▶ TASK TO CARRY OUT
The answer should be the exact lines from the line containing "Shadow Hills Las" through the last line of the material below, with no pictures.

▶ DATA SECTION
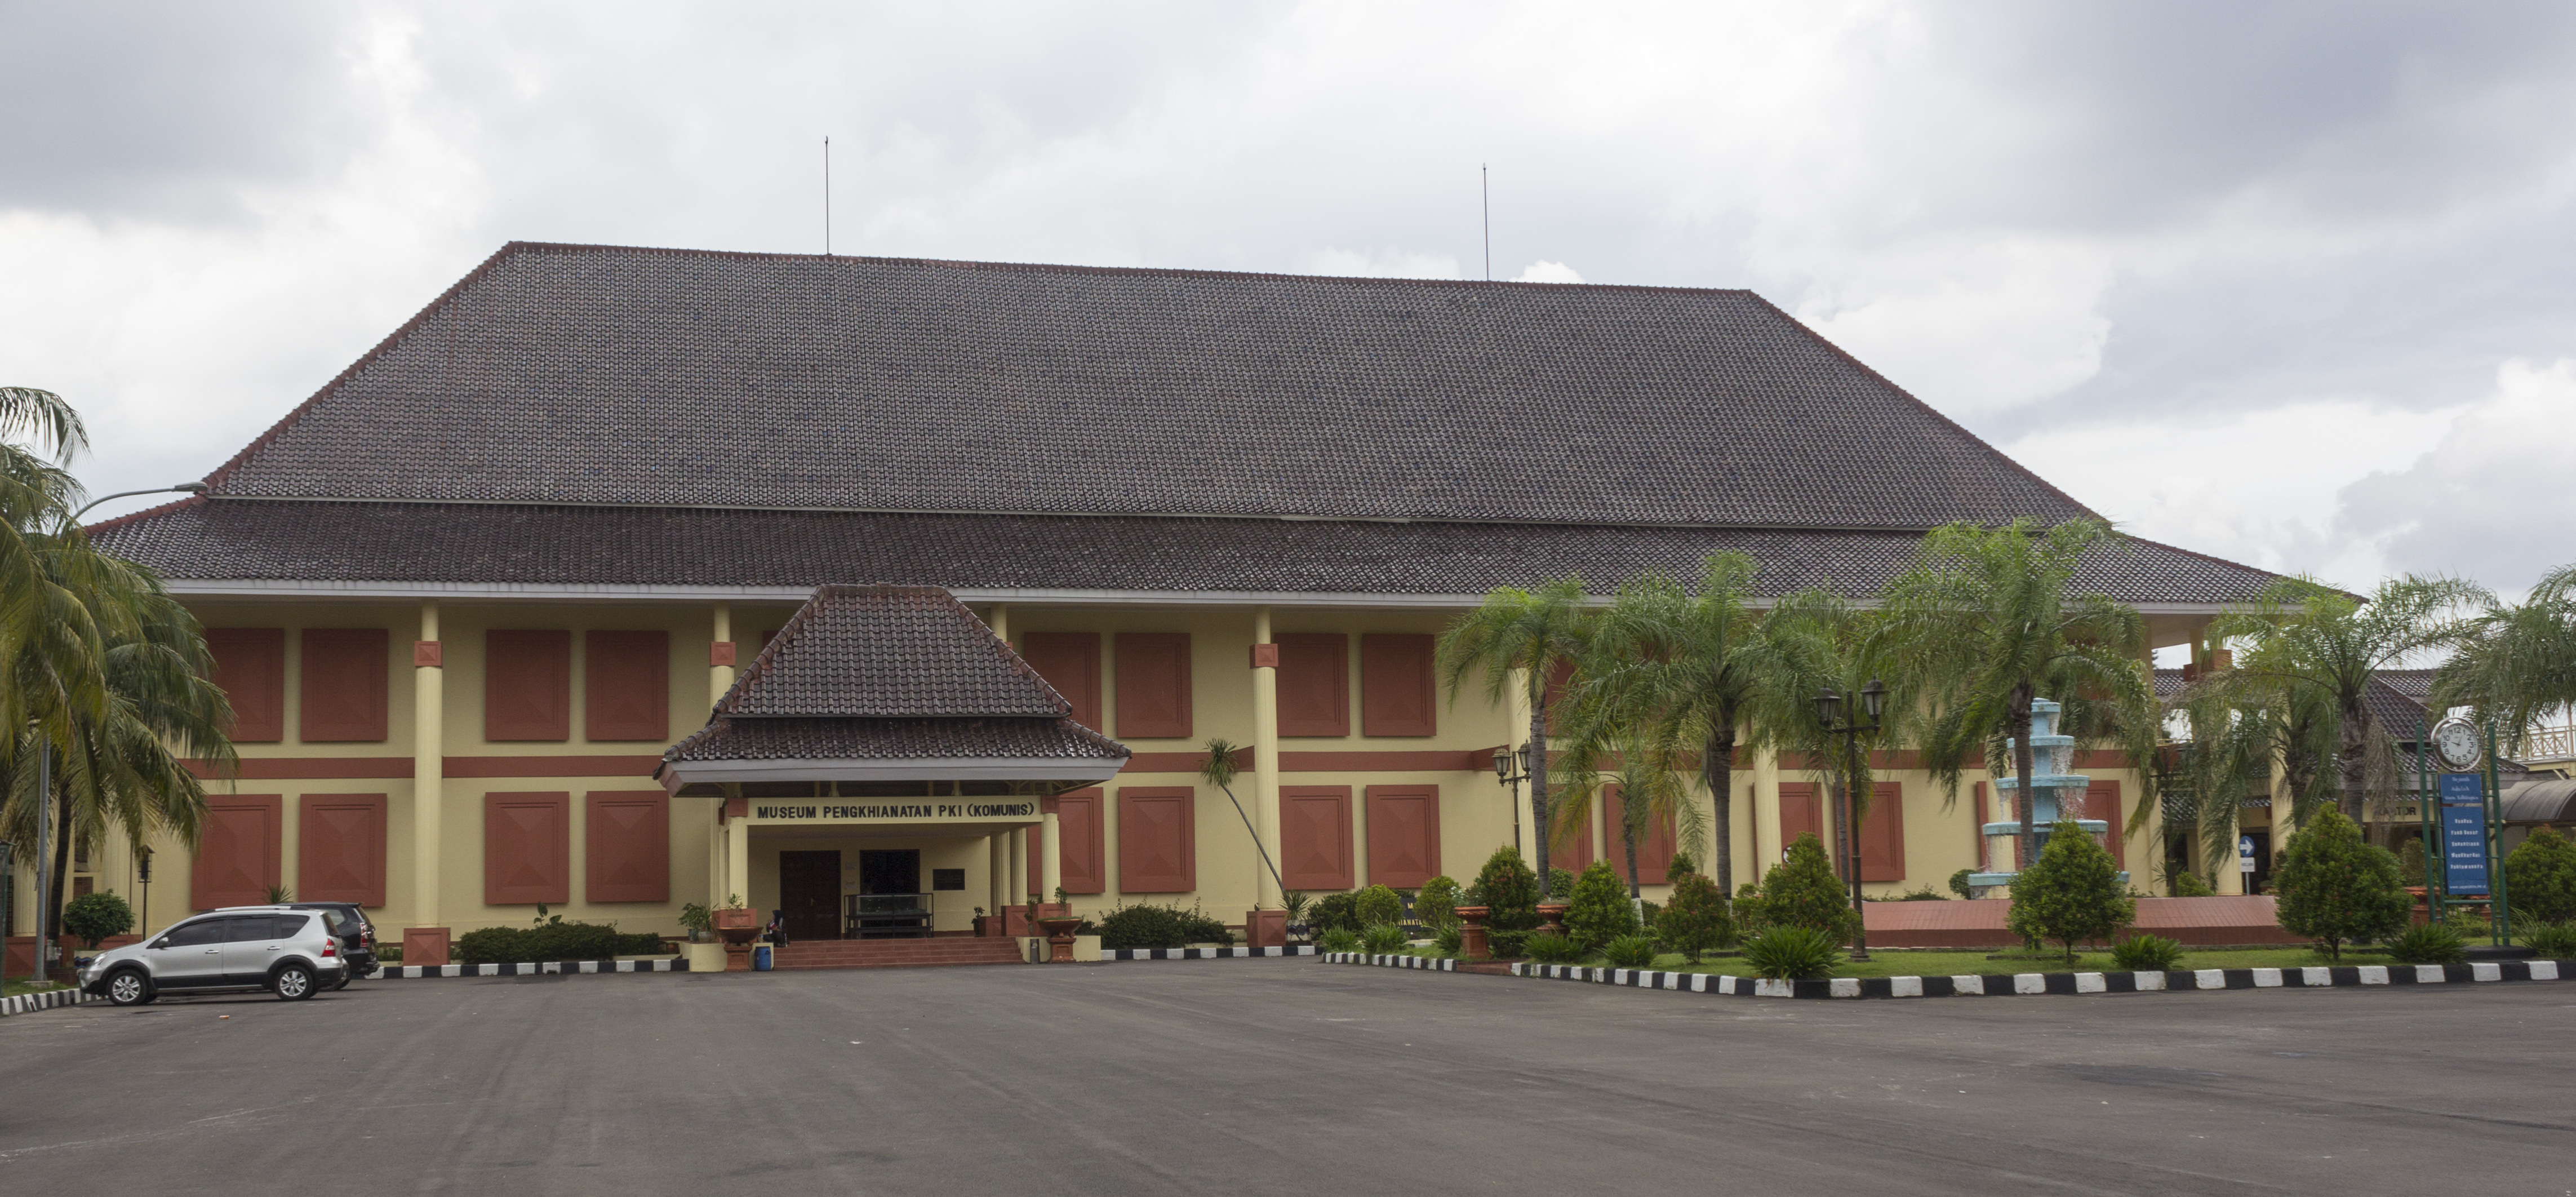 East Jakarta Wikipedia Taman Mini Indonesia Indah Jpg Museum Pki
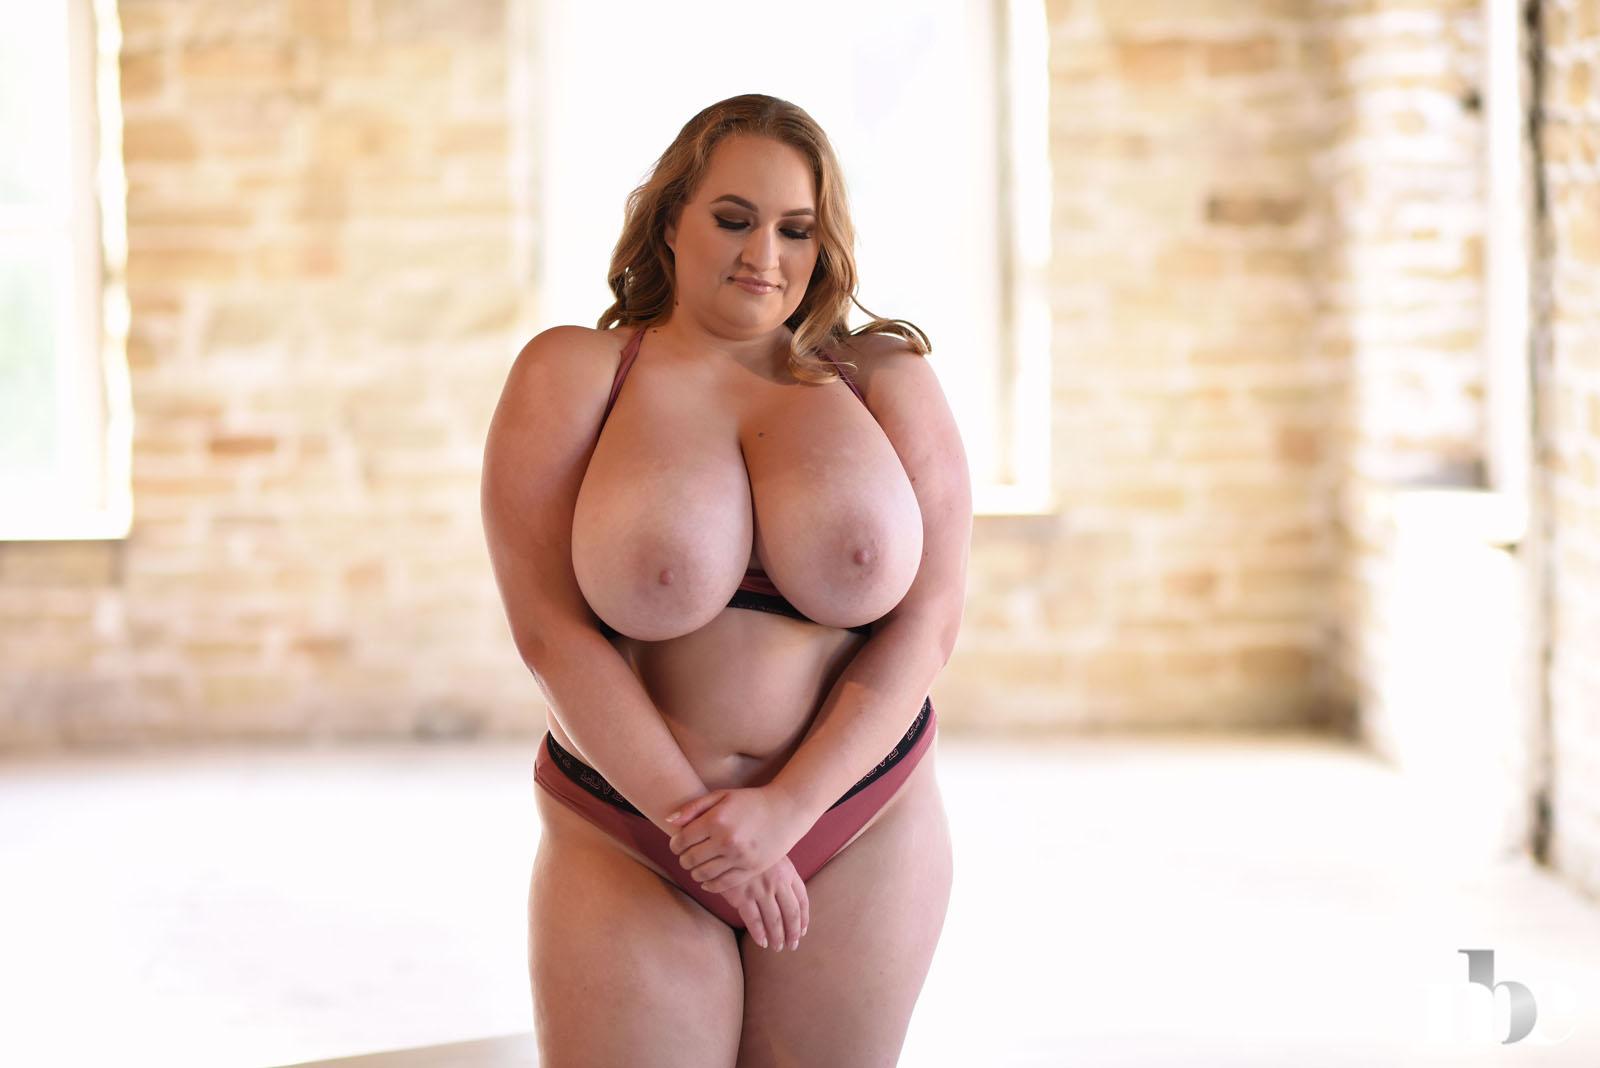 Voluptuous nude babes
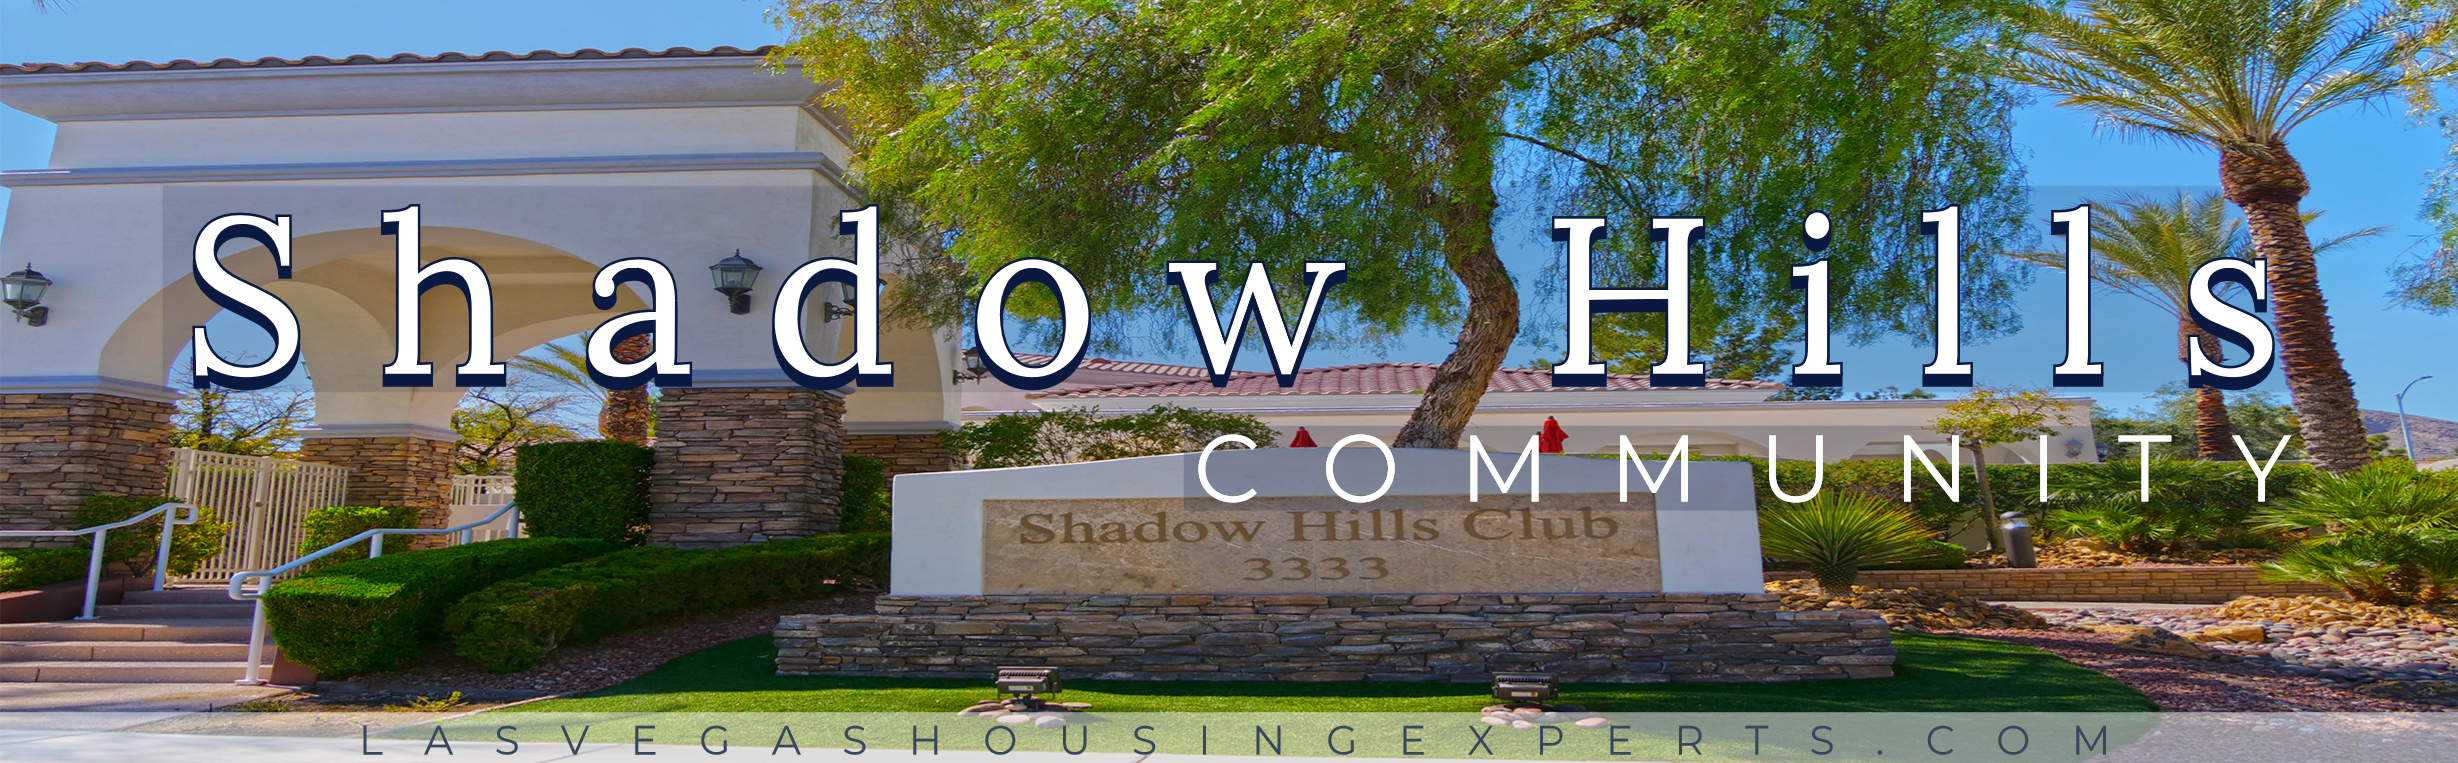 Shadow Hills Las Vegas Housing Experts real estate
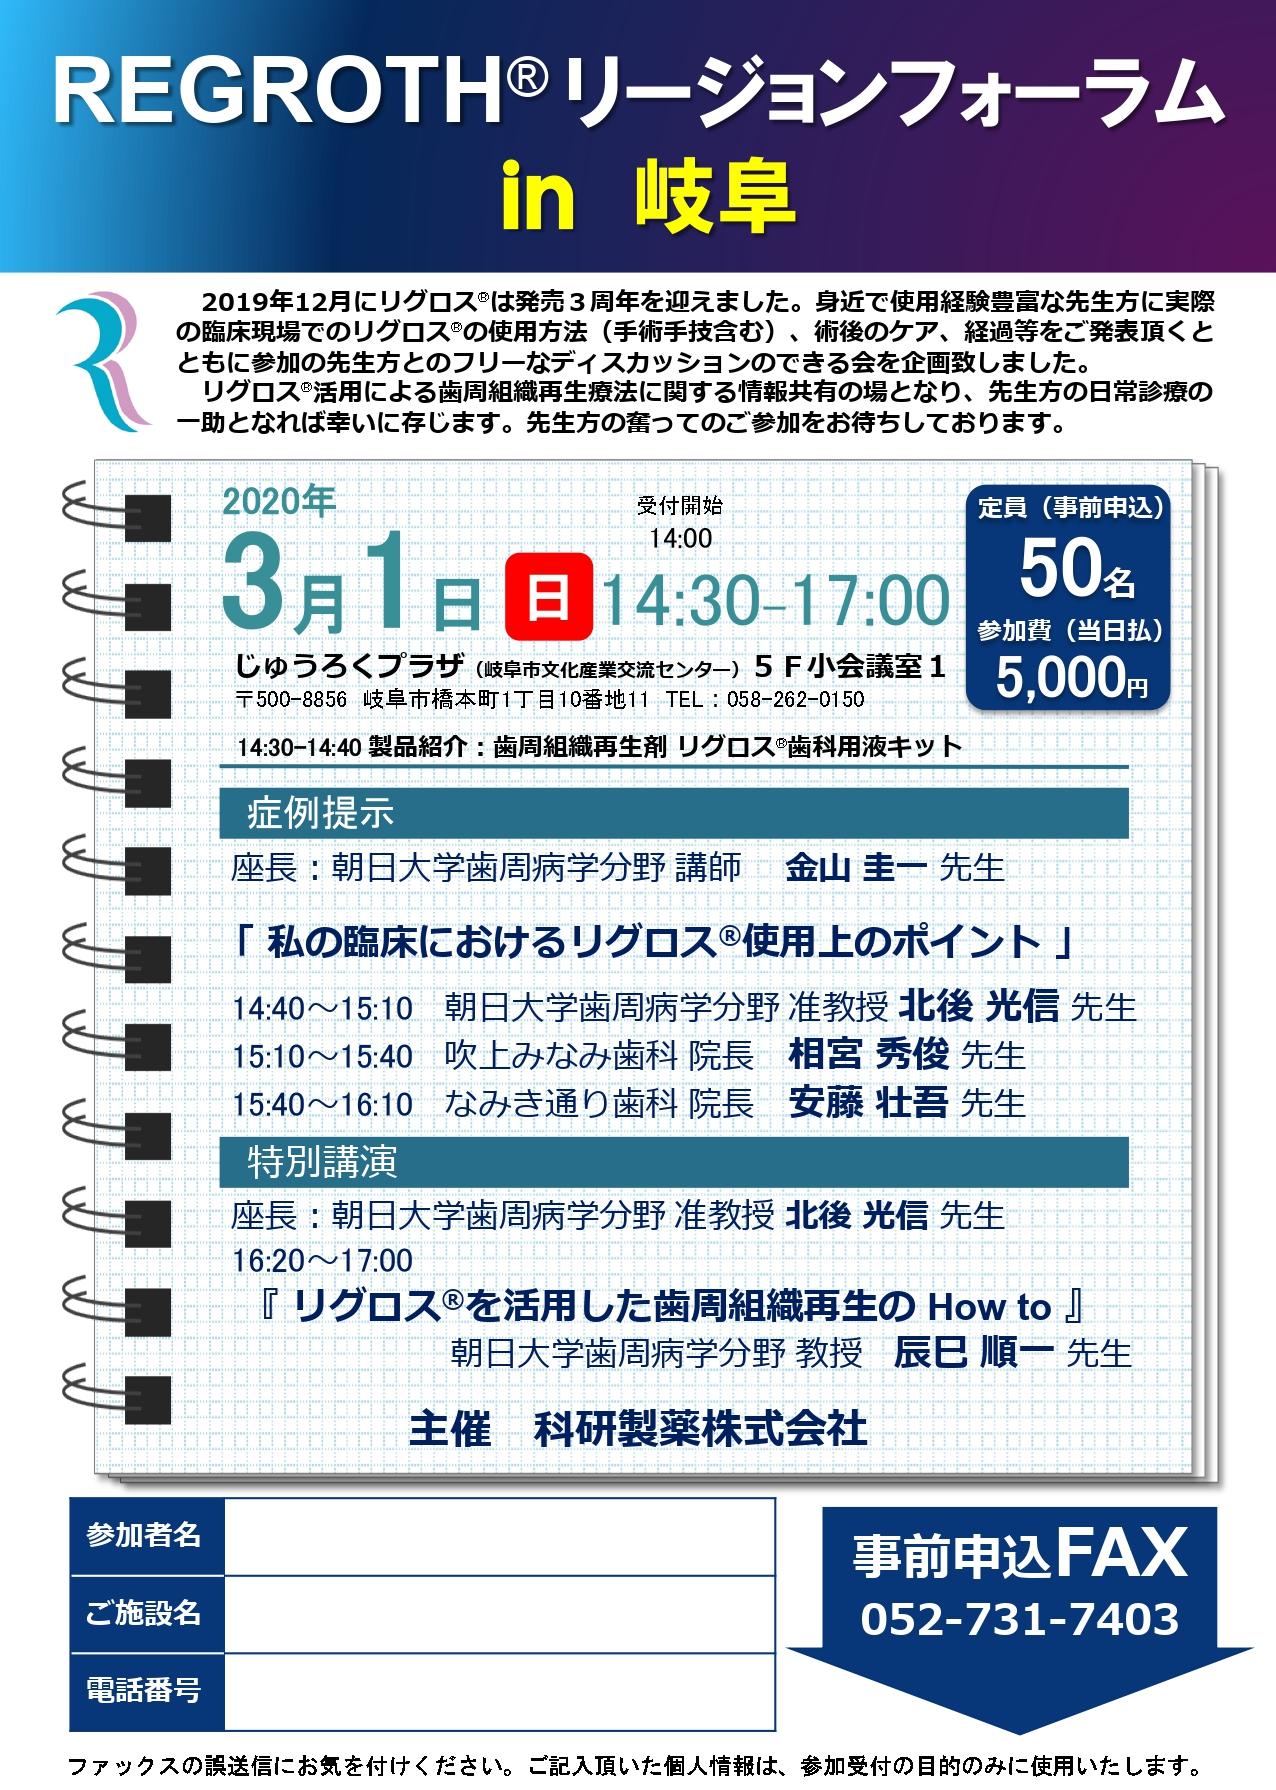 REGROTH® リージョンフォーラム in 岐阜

▶ EXPECTED ANSWER
 Shadow Hills Las Vegas Housing Experts real estate
 REGROTH® リージョンフォーラム in 岐阜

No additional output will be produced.